Tim Hasara of Kennedy Capital Management, with an 18% stake, says management is slashing debt and lifting margins. As a result, Hasara forecasts earnings of 35 cents to 40 cents a share in 2004 and 70 cents to 80 cents in 2005, vs. an 88 cents loss in 2003. He sees the stock leaping to 10 in a year. And there's more good news, says one New York fund manager who has bought shares: Two major chemical makers, he says, are in talks on supply pacts that will involve them acquiring stakes of 10% to 20% in Foamex.

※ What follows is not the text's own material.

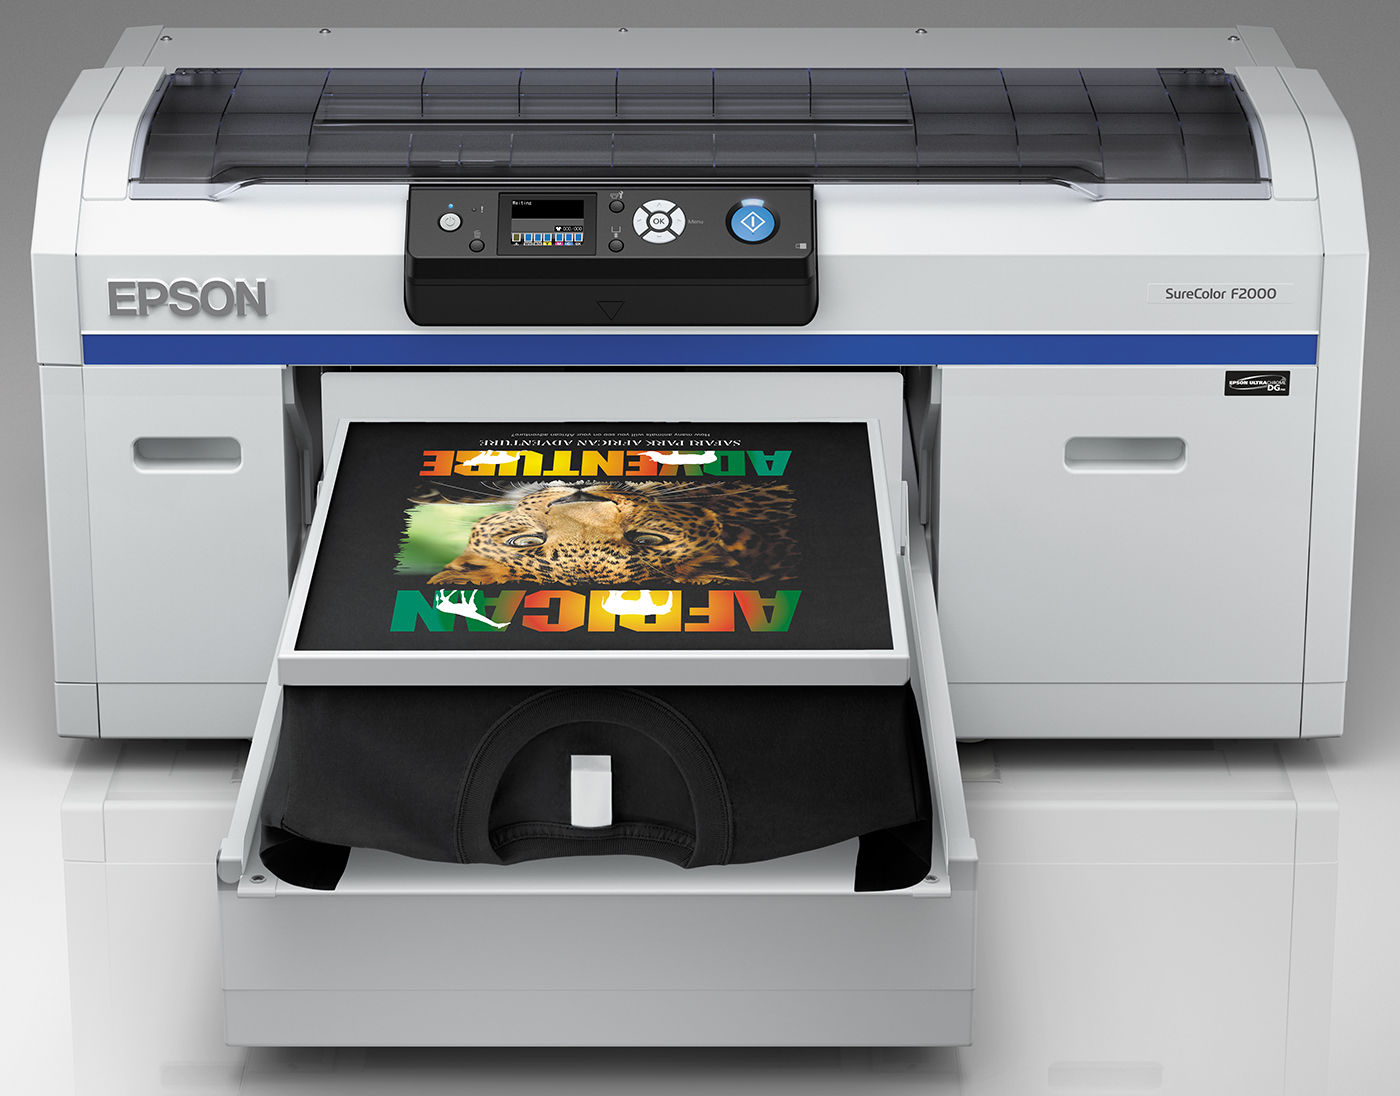 Epson SureColor F2000 large format printer printing on a black t-shirt

Howard Goldberg of investment firm Morgan Joseph has upped his rating on Foamex' bonds from "hold" to "outperform." Foamex, he says, is profiting from lower production costs, new products, and improved ability to pass on raw-material costs. Foamex recently hired Credit Suisse First Boston (CSR) for strategic advice. Foamex declined comment.
Note: Unless otherwise noted, neither the sources cited in Inside Wall Street nor their firms hold positions in the stocks under discussion. Similarly, they have no investment banking or other financial relationships with them.